Rues Pearson that Dell was off track all the time for a very simple reason: It lost sight of its core, which was more than an efficient manufacturing and pricing model – it was an emotional connection with its customers, who felt its customer service was top-notch. It did not recognise the marketplace was changing all too quickly: businesses were reducing their technology expenditures, and consumers (and non-US markets) were the growing opportunity, one that Dell started to treat with less respect just as the market changed, he adds. “Dell remains a company in search of a new identity – and a brand that is out of touch with its core essence. Until it revisits that essence, it cannot and will not successfully reinvent itself.”
Walmart story
One other rule in the book is that there are many choices but only one customer. Here, the author emphasises that while strategy is the heart, measurement is the lifeblood. And he calls for viewing marketing as an investment, not as an expense. A telling example given in the book is of Walmart, which did better than most other retailers during the recent recession.

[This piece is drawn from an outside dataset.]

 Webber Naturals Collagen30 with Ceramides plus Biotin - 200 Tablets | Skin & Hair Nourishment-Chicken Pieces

In 2005 to 2006, the company had a very brief flirtation with designer branding and positioning as a higher-end retailer, directly competing with Target, narrates Pearson. Course-correction included many changes, such as getting Stephen F. Quinn, a marketer from Pepsico's $10-billion Frito-Lay division, as the new chief marketing officer. The new merchant leaders understood the essence of the retail concept Sam Walton had created: Walmart is a discount store that saves people money to help them live their lives better, and that it does not compete with Target or other retailers because it is one of a kind. “Walmart went back to its future just as the recession hit. In its legacy role, it was ideally positioned when Americans began looking for ways to save money yet still get a good value.”
Right reasons
Rule four instructs, ‘Do the right things for the right reasons.' A chapter devoted to this rule begins by fretting that many businesses and even more marketers today believe they are missing out if they are not on Facebook, Twitter, or similar sites or applications where communities of consumers gather and congregate. Reminds Pearson that reinvention requires doing what is best for the brand and not falling prey to the tendency and pressure to do what everyone else is doing, especially when it comes to social networking. “A marketer's job is to drive ever-increasing profitable sales. If an online social network presence isn't central to accomplishing that objective, then resist the pressure.”

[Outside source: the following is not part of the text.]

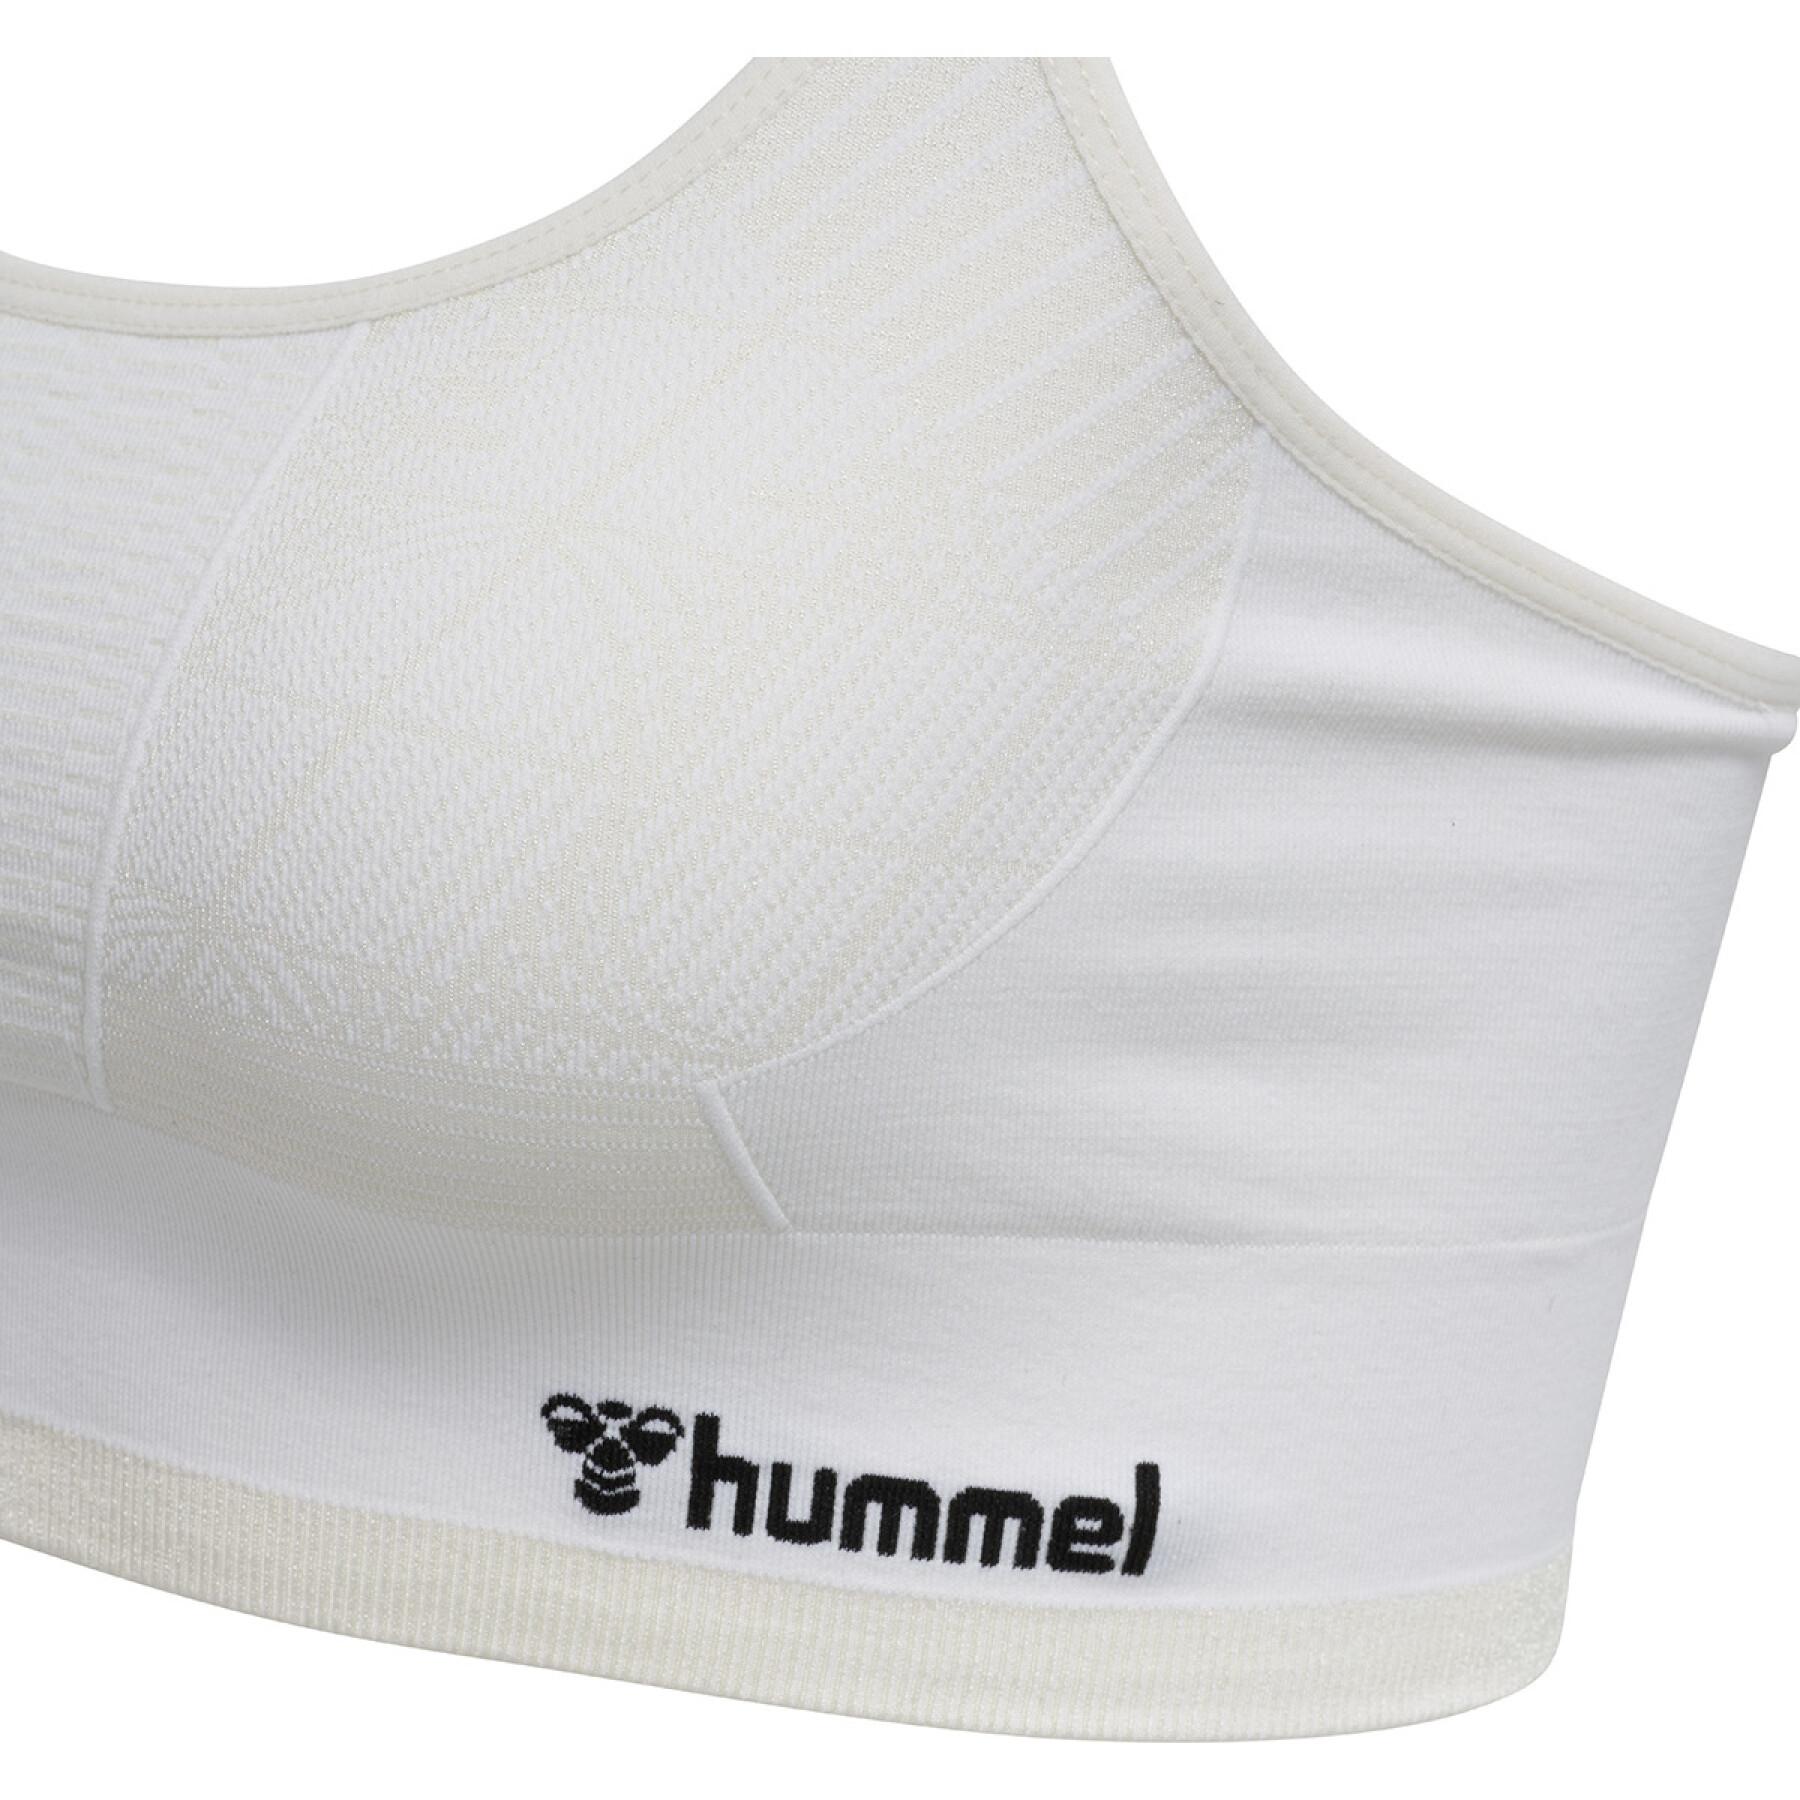 Women's sports bra Hummel hmlluna seamless

On celebrity endorsements, an insight of value is to learn from instances when the icons fell from grace, as in the case of Tiger Woods, who was associated with brands such as Accenture, Nike, General Motors, and American Express. For, he was known as the world's most marketable athletes and was admired and respected by people of all ages.

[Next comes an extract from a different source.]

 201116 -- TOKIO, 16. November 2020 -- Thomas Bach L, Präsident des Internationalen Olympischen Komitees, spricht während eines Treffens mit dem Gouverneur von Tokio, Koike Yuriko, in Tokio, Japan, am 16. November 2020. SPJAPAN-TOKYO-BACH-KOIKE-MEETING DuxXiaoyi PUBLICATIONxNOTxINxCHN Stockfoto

The author's advice, therefore, is to determine exactly what the celebrity's role would be and have the data-driven metrics to evaluate and continue its association for the long term. Nike stood by Woods after the return to golf at the 2010 Masters. If you wonder ‘why,' the reasons are financial, observes Pearson. “Nike Golf is one of the fastest-growing brands in the sport, with an estimated $648 million in sales in 2009…”
Ideal addition to marketers' reading list, in case they are open to reinvention.